You will be required to publish a new post to your blog and comment on at least 2 posts by your classmates at least once each week, starting on September 1st. (You will be posting at least once on the long Labor Day weekend, and then at least once each Monday-Sunday week.) Your mission in this assignment is to create a blog that is popular and/or respected. Popularity and respect are the coin of the realm in the blogosphere, and you’re going to study the ‘sphere to divine how that coin can be gained. You’ll use these insights to make your blog a force to be reckoned with.
I suggest that you use Blogger as your blogging software, but you may use any of the extant blog packages. UVM also offers free Movable Type blogging software and hosting, though it takes some time to get your MT blog created.
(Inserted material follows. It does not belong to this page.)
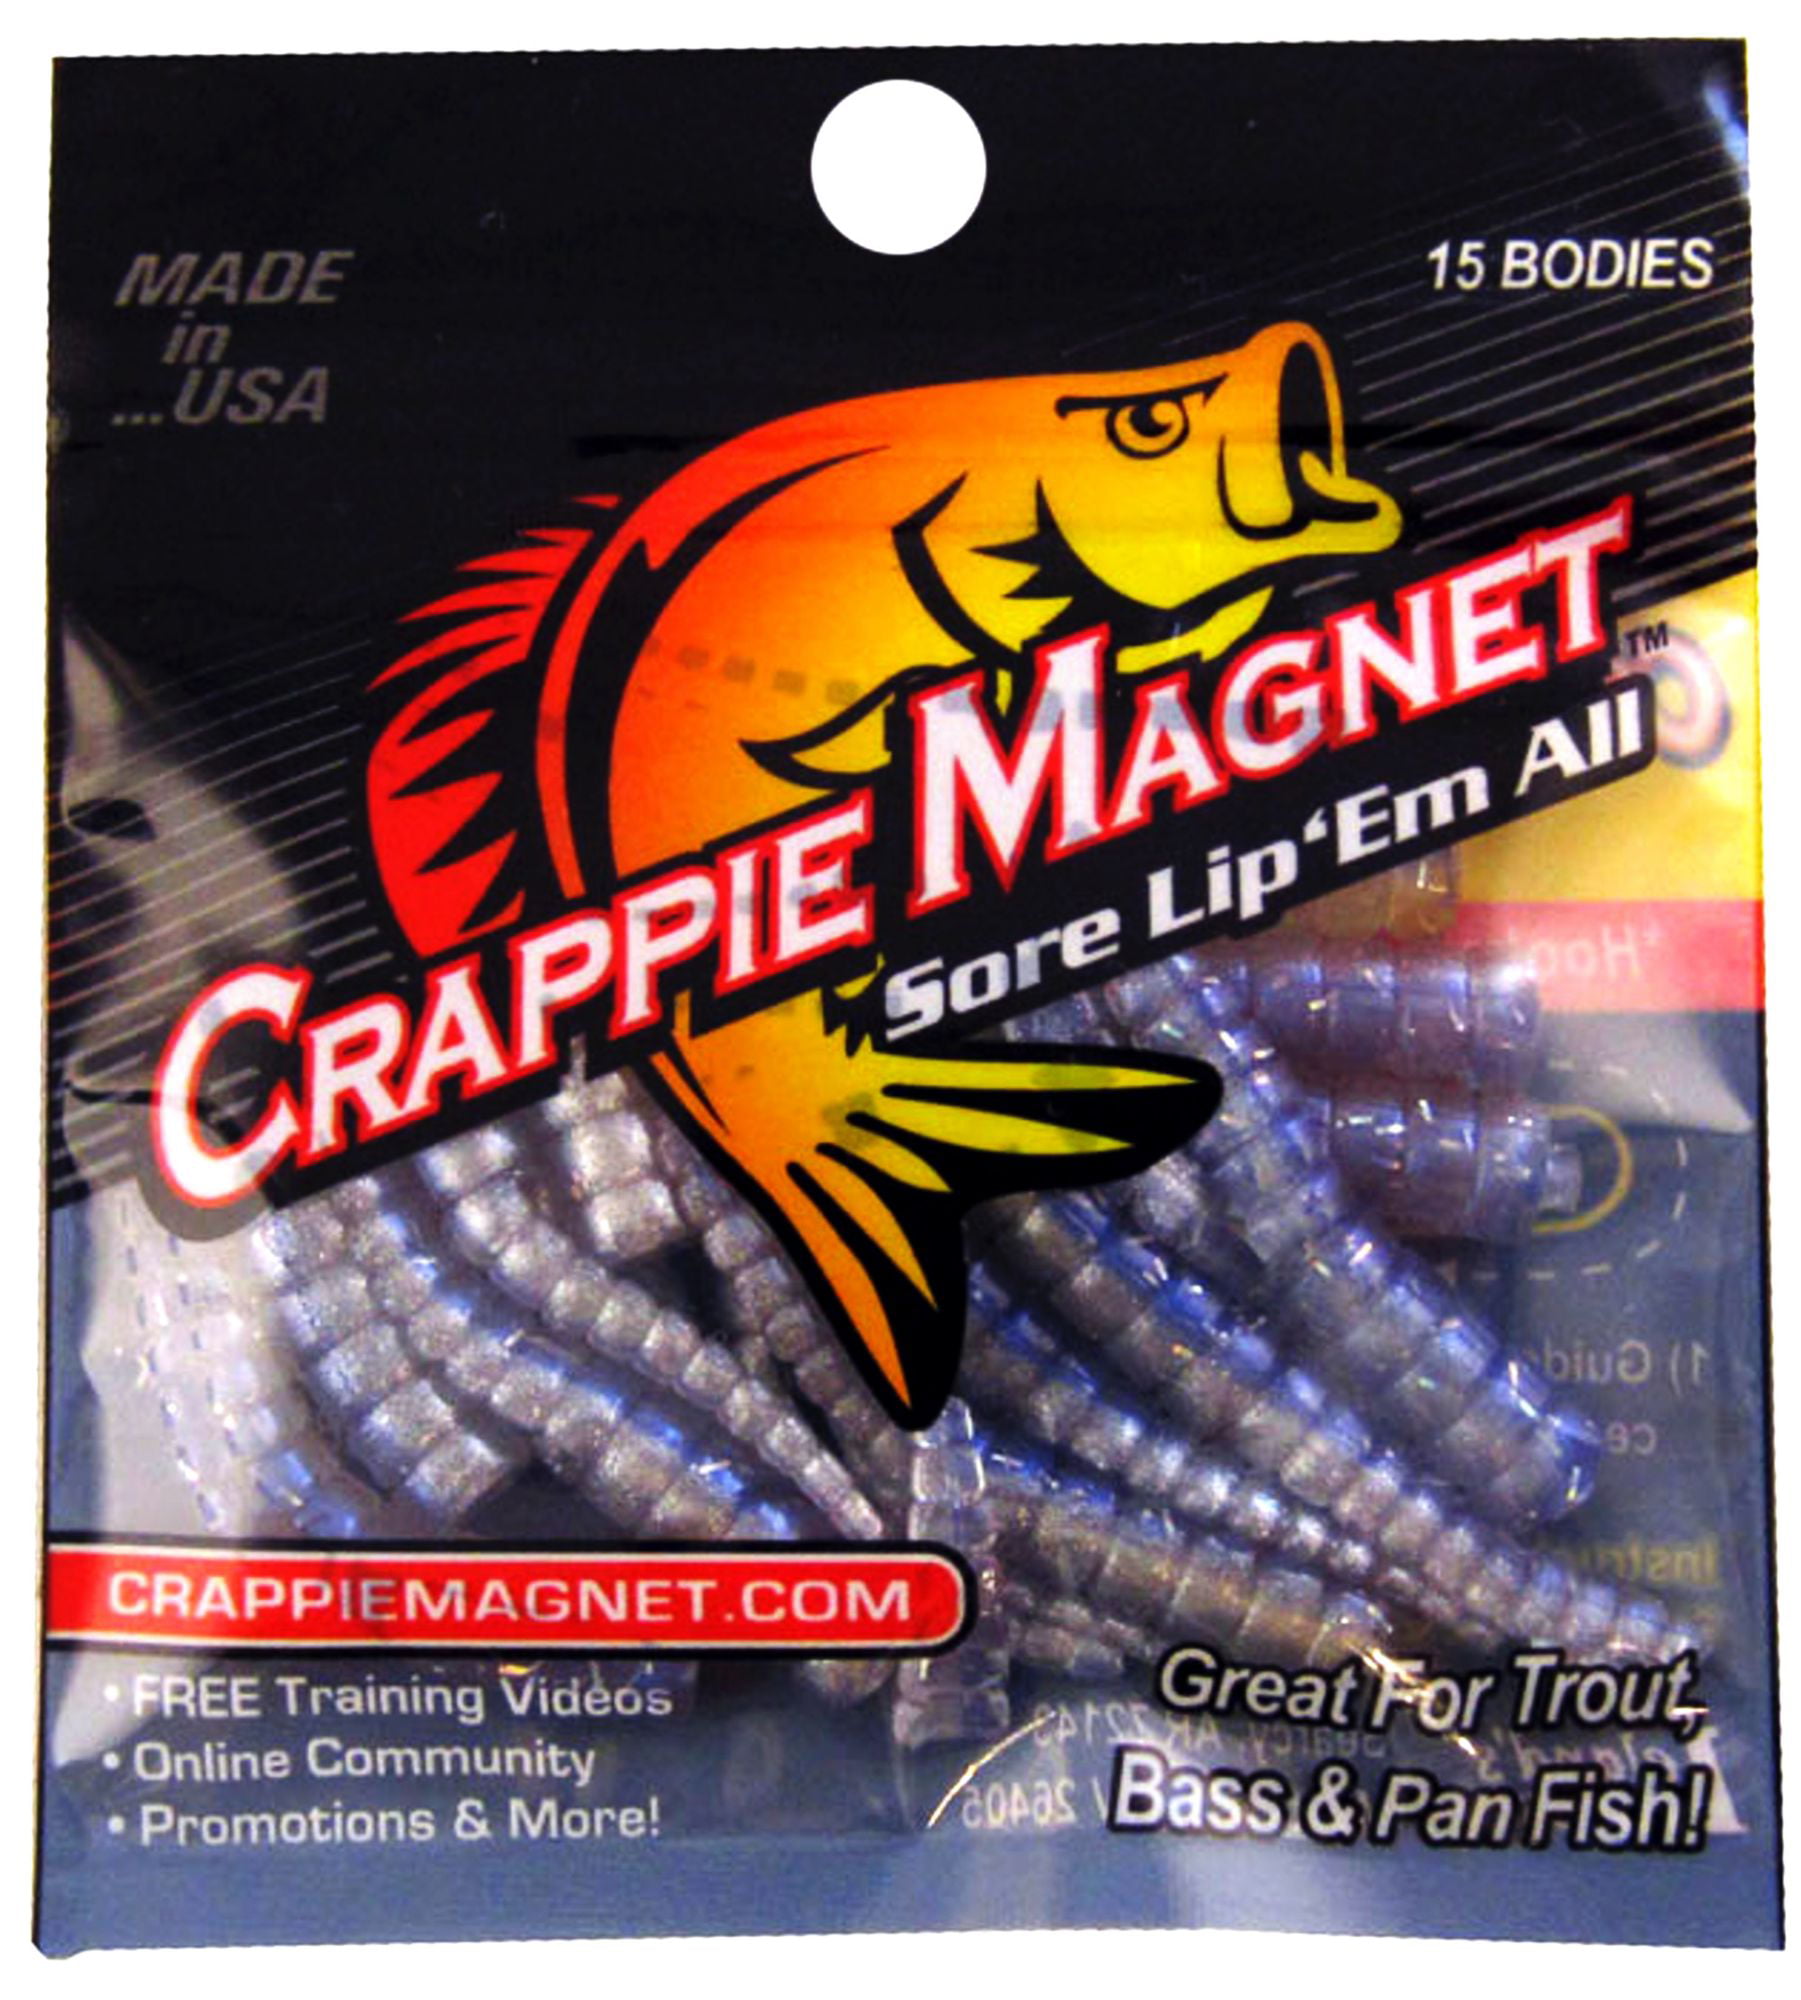 Leland's Crappie Slab Magnet 2.5" Soft Bait Fishing Lures DOUBLE UGLY

In the first two class meetings we will discuss these options, and you and I will assist your group in setting up your group blog.
This project consists of four elements: a blogging proposal, in which you explain your plans to achieve world-wide blog dominance; your weekly blogging and commenting requirement (5% of your final grade); a mid-semester evaluation of your blog progress (5% of your final grade); and an end-of-the-semester analysis and reflection on your efforts (10% of your final grade).